> _Available data_:
***
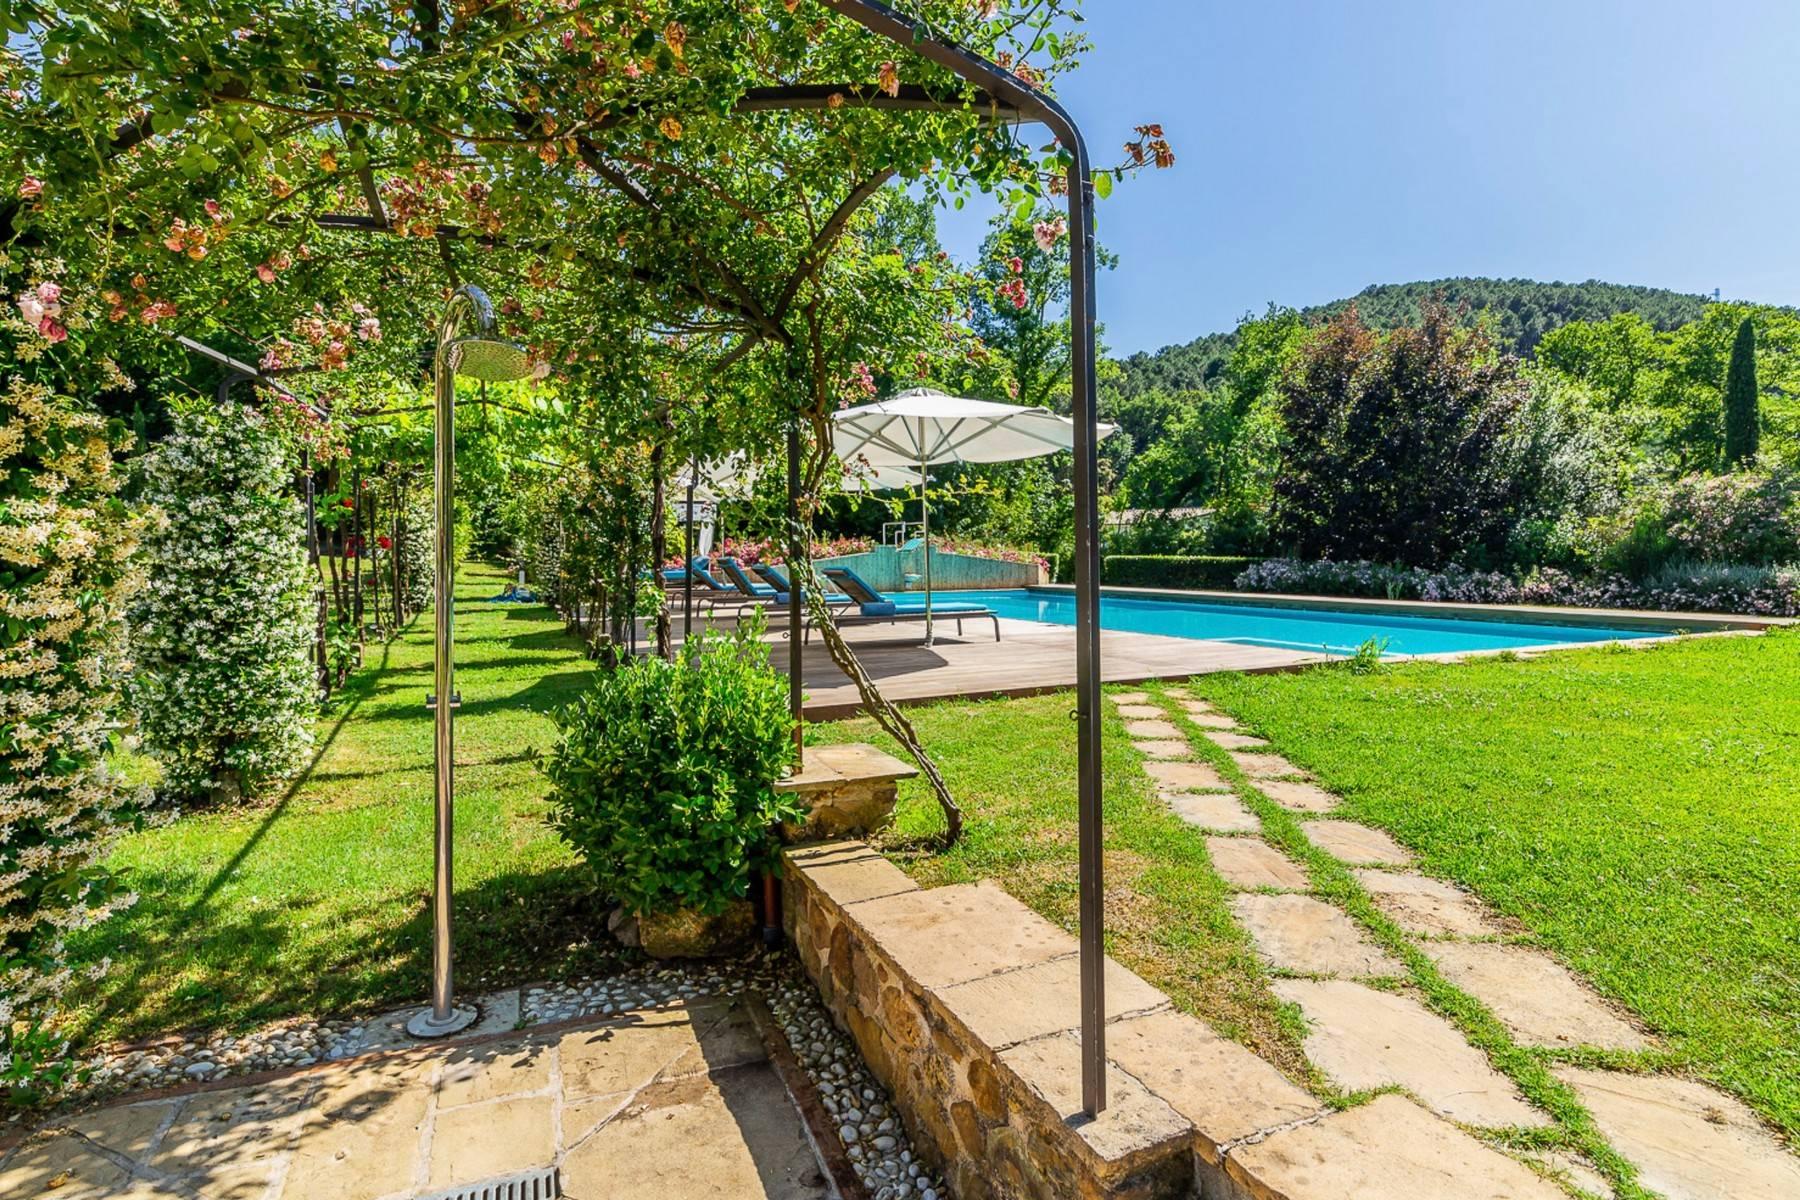 Villa in Vendita a Lucca: 5 locali, 1130 mq - Foto 28
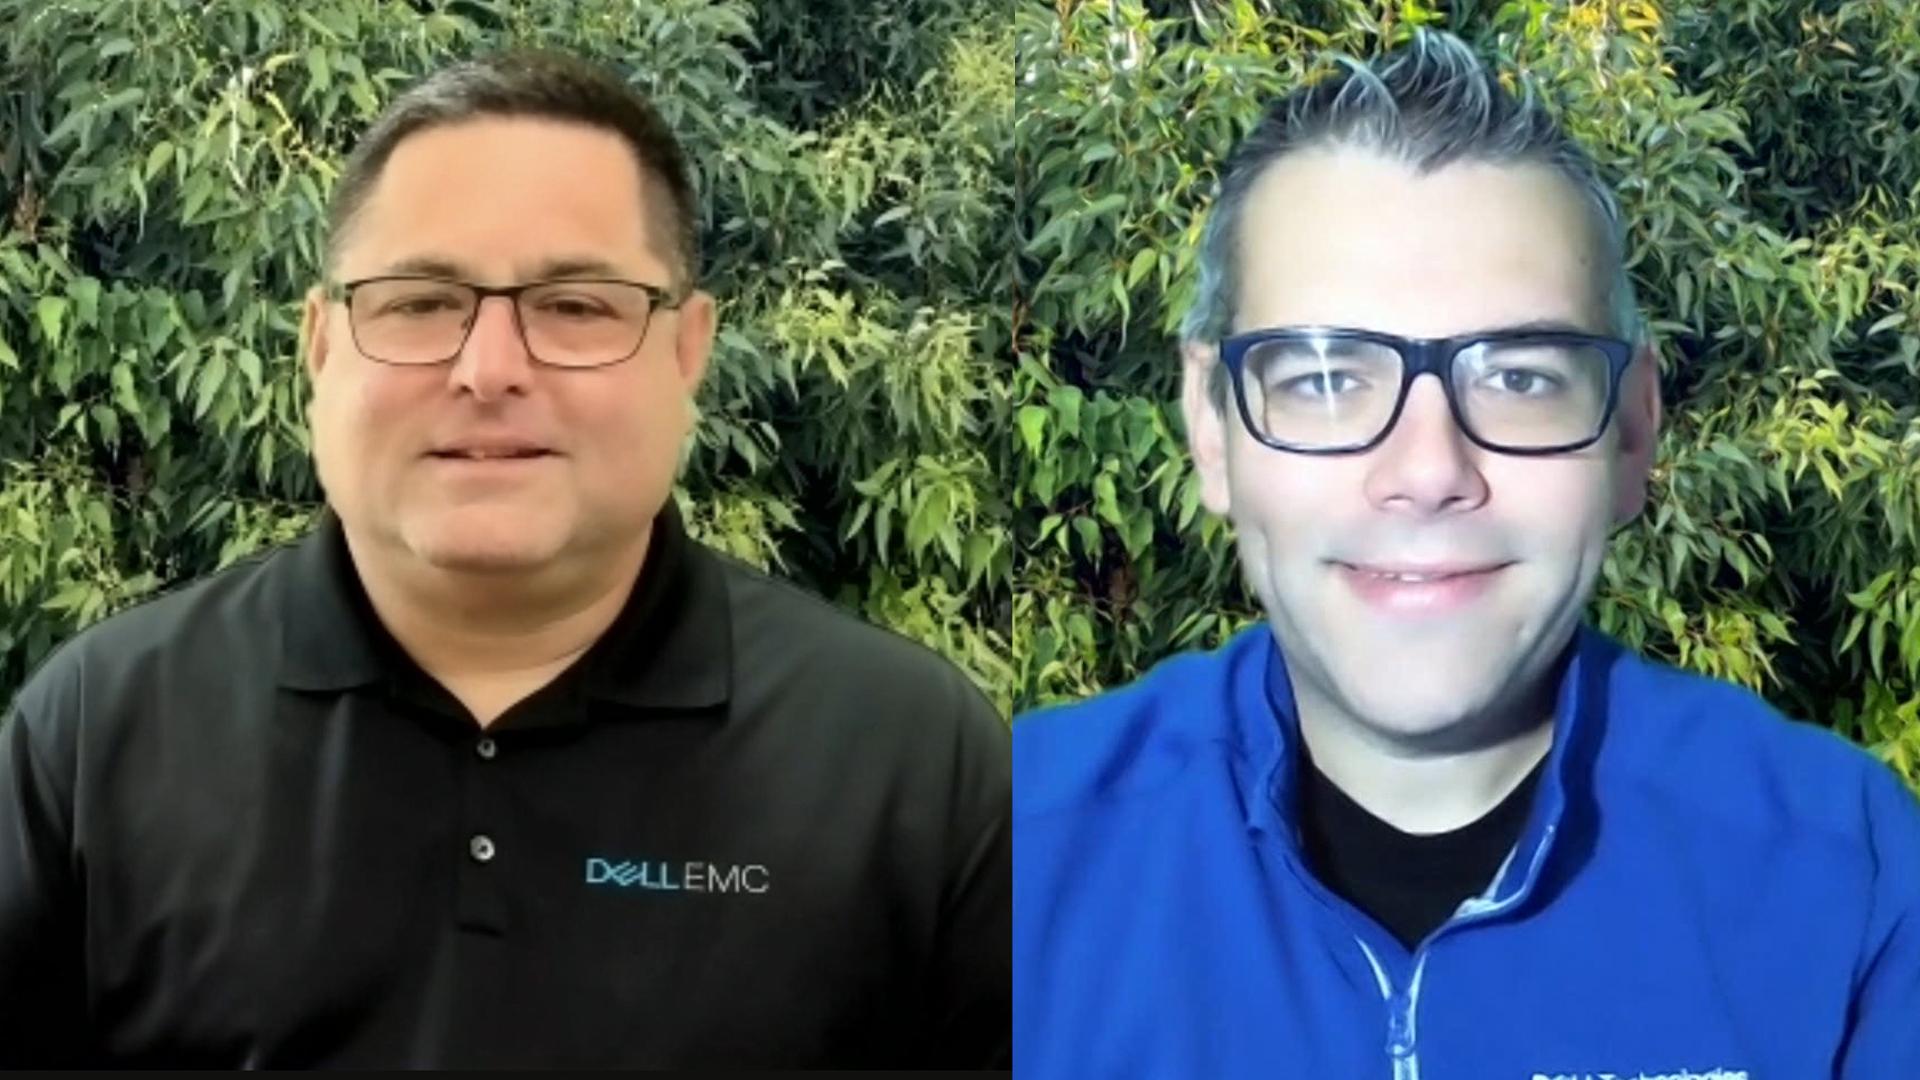 Dell tackles main pitfalls of managing edge computing: complexity, security and choice - SiliconANGLE
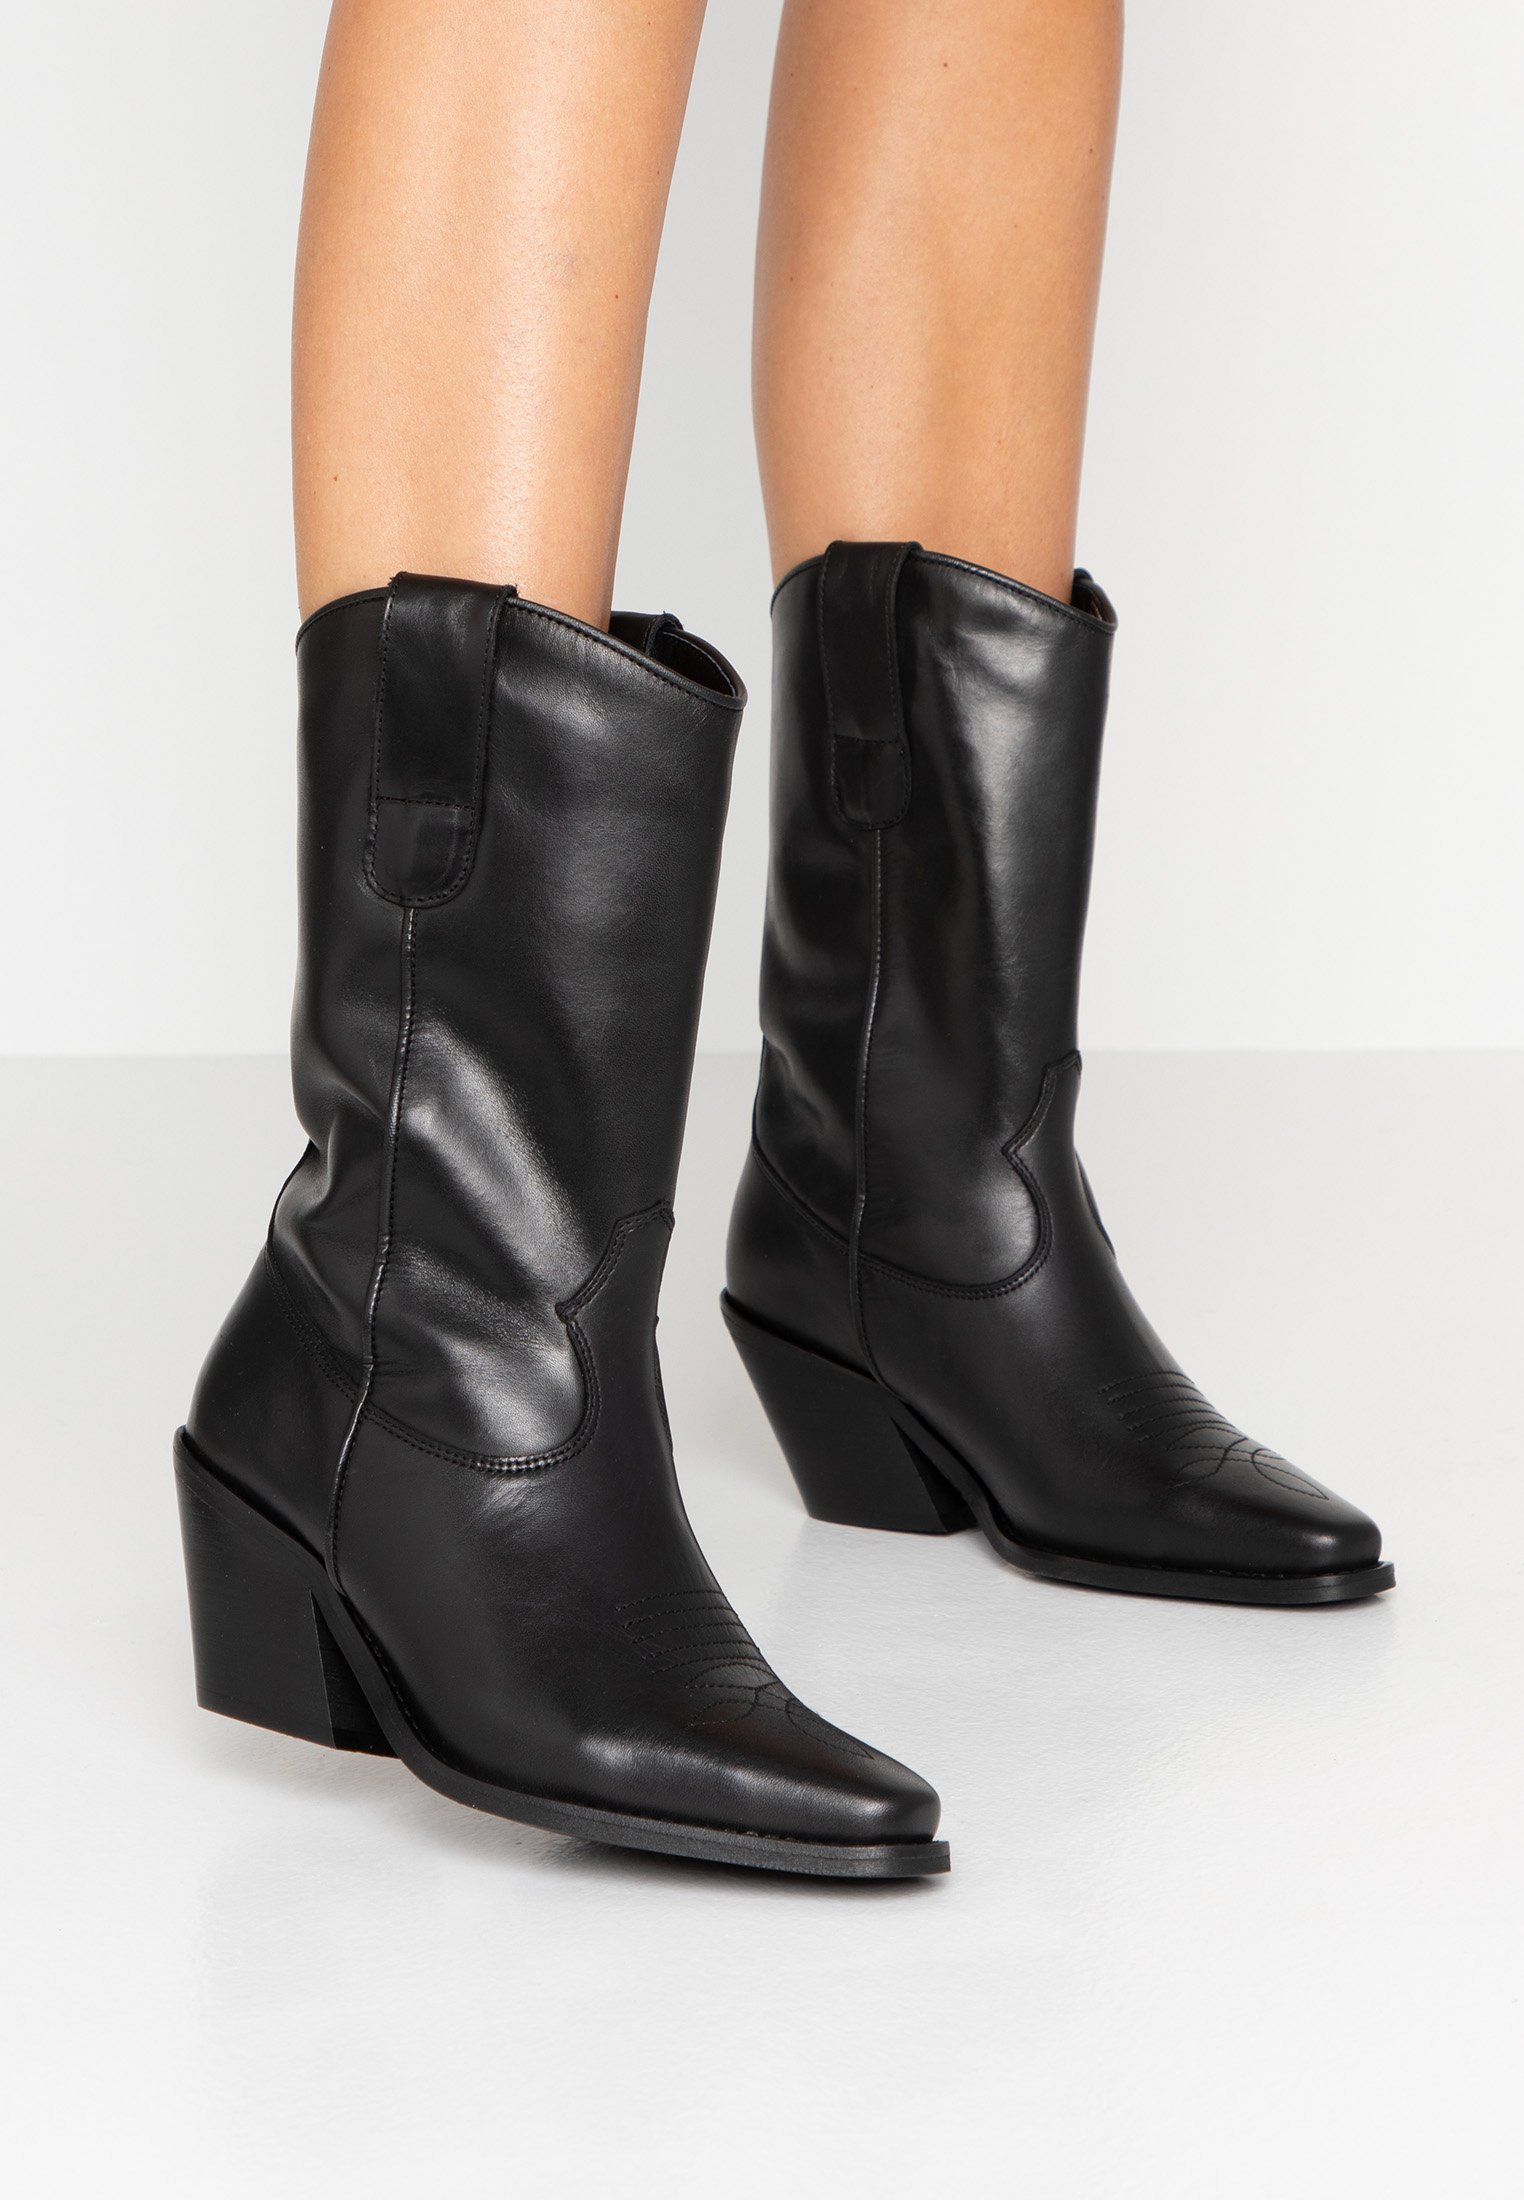 Stivali da donna | Zalando
***
> _Exercise aim_: Restate the data word for word and exclude every picture.

> _Task response_:
 Villa in Vendita a Lucca: 5 locali, 1130 mq - Foto 28
 Dell tackles main pitfalls of managing edge computing: complexity, security and choice - SiliconANGLE
 Stivali da donna | Zalando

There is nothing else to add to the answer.